In The Revolution Betrayed, Leon Trotsky argued that in retrospect, it
was hard to argue that the bureaucratic counter-revolution (beginning
within the workers state) was not inevitable.  It certainly tended to
become so. But, he pointed out, the struggle against the political
phase of the counterrevolution was also inevitable.  Those who pull on
opposite sides of an inevitability, he pointed out, can end up on
opposite sides of the barricades.

But one point that Robin made struck me in a different way. He
asked -- this is a paraphrase, I  w not consulting the original --what
effect do we think the anonymous bombings will have on the masses on
Iraq?  I think it is clear that the effect is negative --
intimidating, terrorizing. This is a more important fact for me than
the problems that  these bombings cause for the US rulers -- chaos,
political unpreparedness to deal with serious attacks, etcetera. The
anonymity is itself a reactionary factor.

Jose Perez may think the attack on the UN was motivated by the
collaboration of UN institutions with the occupation -- which is real
enough -- but who the hell knows for sure.  Maybe somebody thinks the
UN is too friendly to the Kurds or the Shiites, or maybe somebody
thinks the UN is Jewish.  Who the hell knows for sure? I agree that
this is not cowardice, but it is not the bravery that aims to inspire
and give political leadership to the masses as in Moncada.
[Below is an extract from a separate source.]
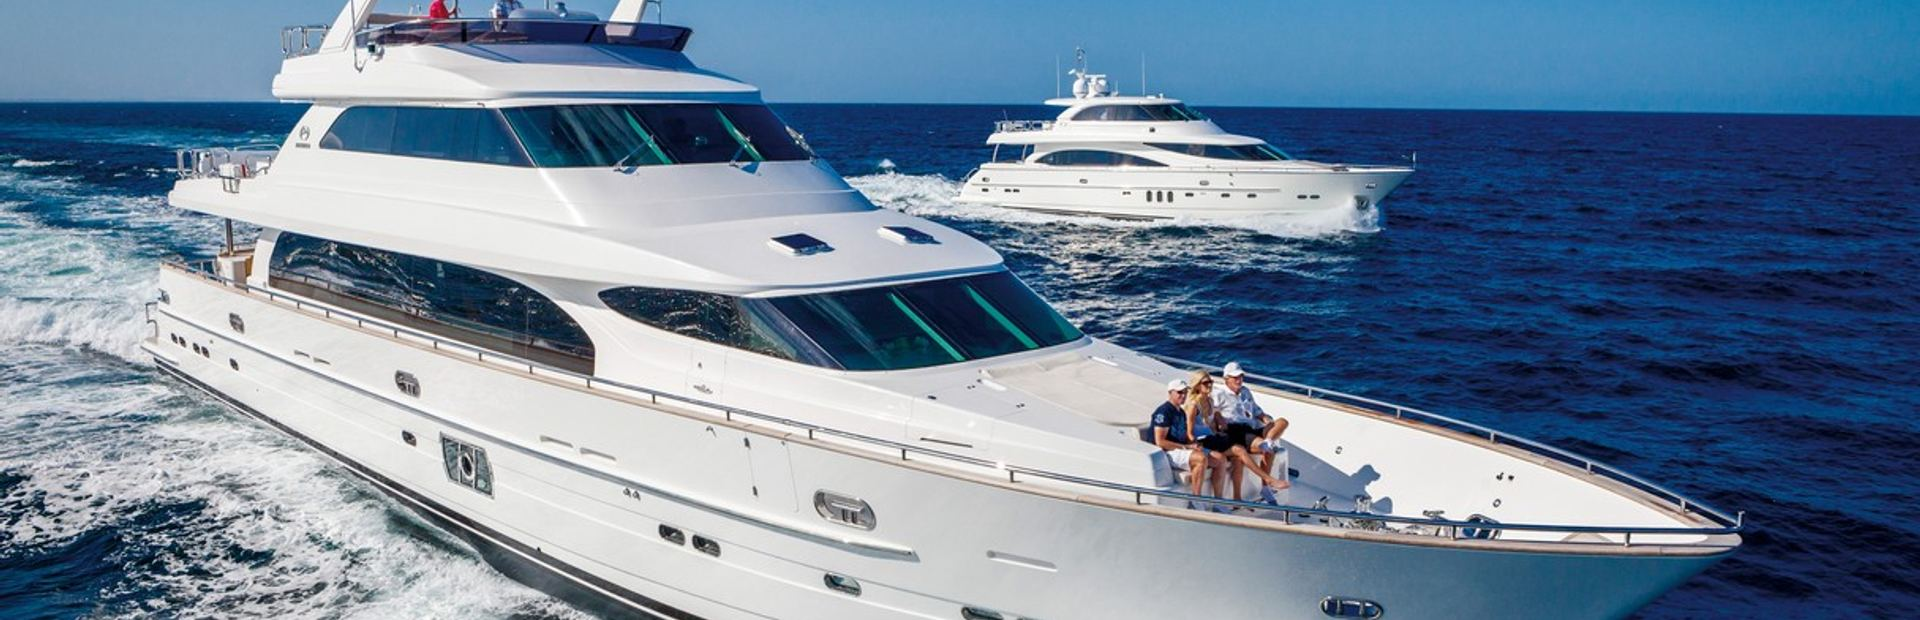 P110 Yacht Charter
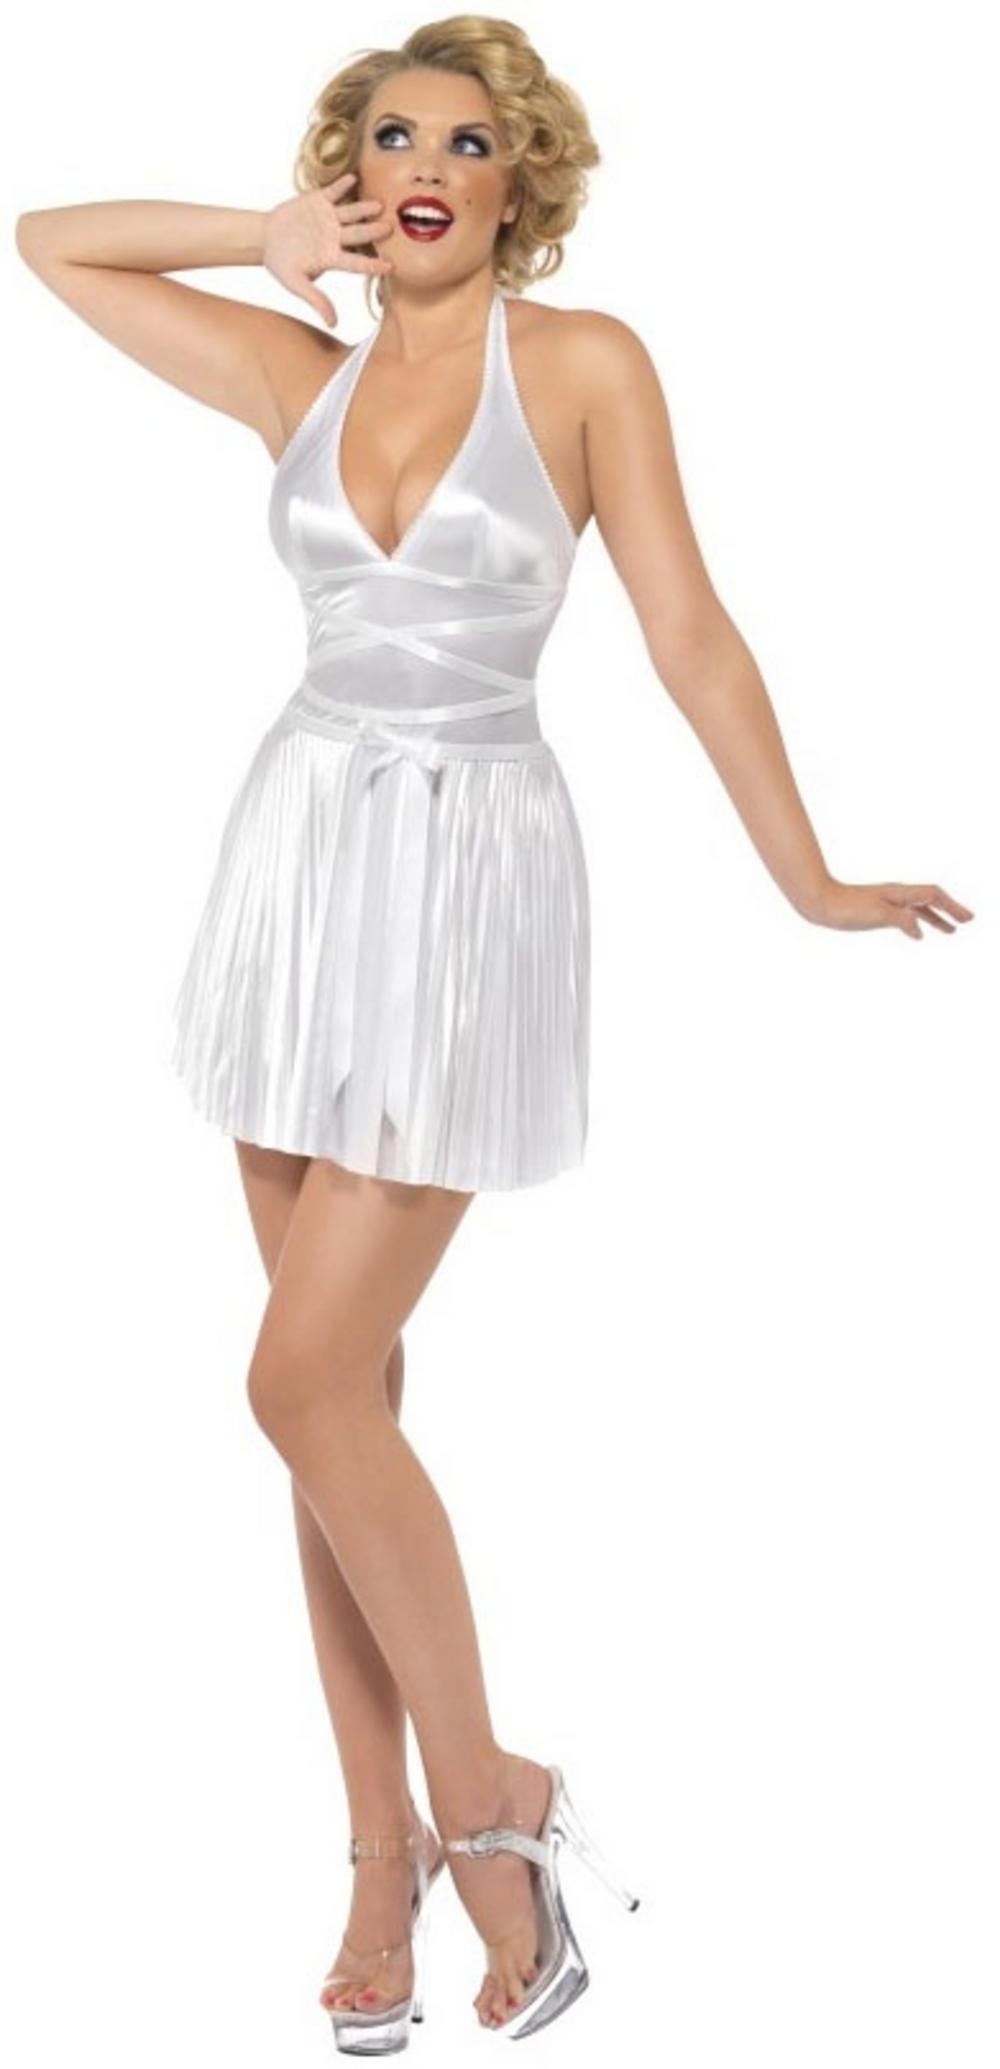 Ideas For A Fancy Dress Party  sc 1 st  Bunny Pudding Hops - WordPress.com & Ideas For A Fancy Dress Party | Bunny Pudding Hops

Frankly, I think Fisk -- an honest reporter, let us remember, despite
his negative political shift at this point -- has a point that Iraq
faces the possibility of civil war.  I believe that the current
military opposition is dominated (largely, not entirely) by forces
that are linked to the predominantly Sunni ruling class that has
dominated Iraq, even though they now face a majority of Iraqi Shiites
and a sizable minority of overwhelmingly Sunni Iraqi Kurds.  These
ruling class forces are not fighting for Saddam. There is not reason
to think that most Baathists or Sunni-identified forces long for his
return, despite his boastful (and hollow boastfulness is central to
his political personality) claims to lead and direct the resistance
from hiding.

The capitalist ruling class in Iraq, which is fundamentally Sunni and
was predominantly Sunni long before the 1958 revolution, now faces the
US occupation which has overthrown Saddam, who was one of them and
represented them,  but has not been able to slam down the tight lid
that Saddam had kept on all sections of the masses. This ruling class
now faces not only the prospect of expropriation by the Americans, who
slaver for their nationalized oil,  but  also by the Iraqi Shiite and
Kurdish masses who want their rights and whose bourgeois leaders are
tired of taking crumbs that fall from the capitalist Sunnis' tables.
These forces (who have important allies in Saudi Arabia, who have an
interest in preserving Sunni bourgeois forces and limiting the US
colonization particularly in the oil industry) have an interest in
both containing the scope of US domination and silencing the oppressed
and exploited to assure that they will be the beneficiaries of any
concessions the US is forced to make.

The bombings advance such a course, although I cannot prove and do not
assume that this is the intention.

No "bending to imperialism" is reflected in this view, in my opinion.
I slowly grew used to using my judgment without giving to much weight
to such claims.  (I am under pressure, of course, but so is everybody
else and screaming capitulation does not constitute proof.)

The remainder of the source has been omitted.